Künstliche Intelligenz kann in der Medizin Krankheiten frühzeitig diagnostizieren, Therapien verbessern und das medizinische Personal entlasten. Ein Beispiel, bei dem KI helfen kann, ist die Biomarker-Erkennung. Bei Biomarkern handelt es sich um eindeutige Indikatoren, mit denen sich zum Beispiel Krebserkrankungen in pathologischen Bildern aufspüren lassen.

Tissue Concepts-Foundation Model: Das Grundgerüst wird gleichzeitig auf verschiedene Aufgaben (Multitasking) vortrainiert.

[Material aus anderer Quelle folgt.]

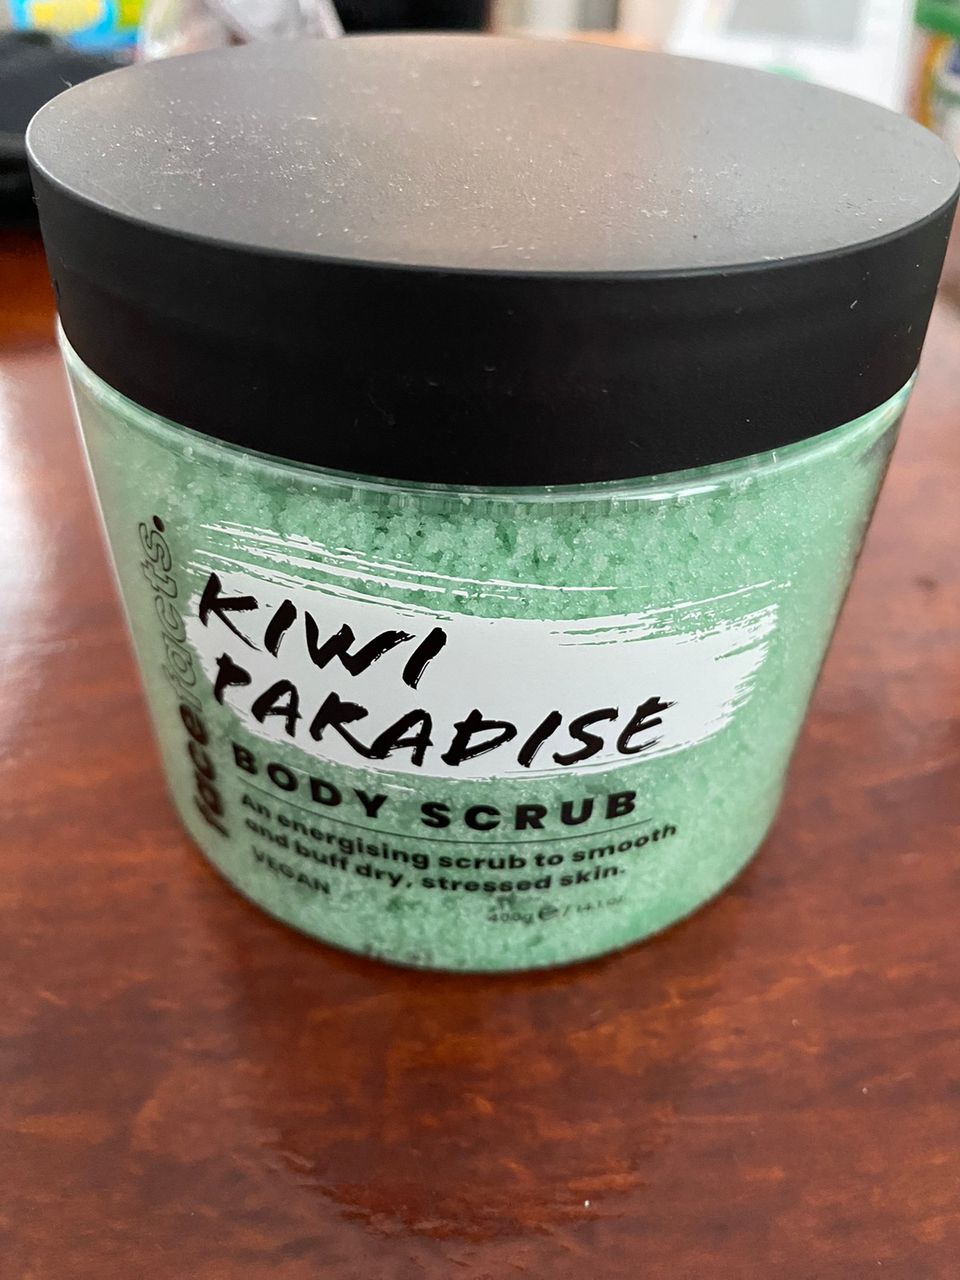 Kiwi paradise body scrub
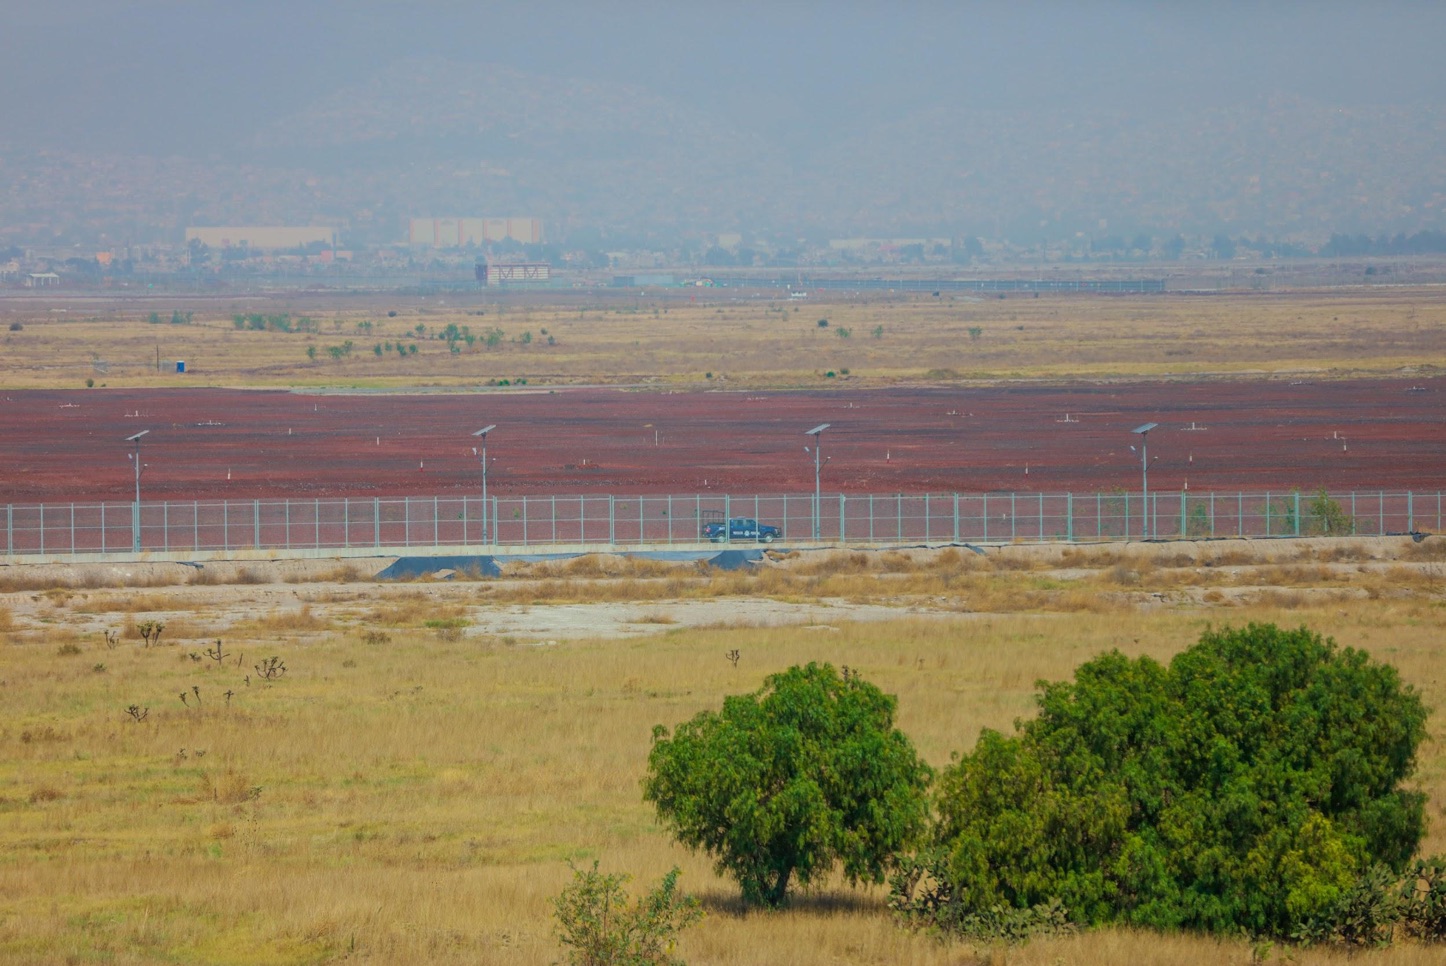 El terreno donde se constuía la plancha del aeropuerto, municipio de San Salvador Atenco. Foto: Daliri Oropeza.

Erst danach folgen aufgabenspezifische Informationen.(Bild:  Fraunhofer MEVIS)
Tissue Concepts-Foundation Model: Das Grundgerüst wird gleichzeitig auf verschiedene Aufgaben (Multitasking) vortrainiert. Erst danach folgen aufgabenspezifische Informationen.
(Bild: Fraunhofer MEVIS)

Doch eine KI ist immer nur so gut, wie sie trainiert wurde. Doch in der medizinischen Bildgebung haben Forscher mit einer Datenknappheit zu kämpfen. Forschern des Fraunhofer-Instituts für Digitale Medizin MEVIS ist es in Zusammenarbeit mit der RWTH Aachen, der Universität Regensburg und der Hannover Medical School gelungen, ein Modell zu entwickeln, das Gewebeproben anhand eines Bruchteils der üblichen Trainingsdatensätze schnell, zuverlässig und ressourceneffizient analysiert.

Biomarker-Erkennung: Weg von großen Datenmengen

Klassische Basismodelle, etwa Sprachmodelle wie ChatGPT, werden selbstüberwacht mit großen Datensätzen trainiert. Diese liegen jedoch bei medizinischen Bildanalysen meist nicht vor. Tatsächlich stellen die geringen Datenmengen in klinischen Studien eine große Herausforderung für die Künstliche Intelligenz dar.

Das erschwert es, vorhandene Muster und damit diagnostisch relevante Merkmale verlässlich aufzuspüren. Um Künstliche Intelligenz effektiv zu trainieren, werden daher in der Regel große Mengen an Beispiel-Bildern unterschiedlicher Herkunft benötigt. Dabei misst jeder Gewebeschnitt typischerweise mehrere Gigabyte, enthält Tausende unterschiedlicher Zellen und spiegelt doch nur einen winzigen Bruchteil der beschriebenen Variabilität wider.

Erst Grundausbildung, dann Spezialisierung

Der Lösungsansatz der Fraunhofer-Forscher basiert auf überwachtem Vortraining. „Wir entwickeln eine Grundlagenschulung für die KI nach dem Vorbild der Ausbildung, die Pathologen durchlaufen. Sie müssen auch nicht von Fall zu Fall neu lernen, was ein Zellkern ist. Das ist Lehrbuchwissen. Einmal erfasst, sind diese Konzepte vorhanden und auf verschiedene Krankheiten übertragbar“, erklärt Fraunhofer MEVIS-Experte Dr. Johannes Lotz.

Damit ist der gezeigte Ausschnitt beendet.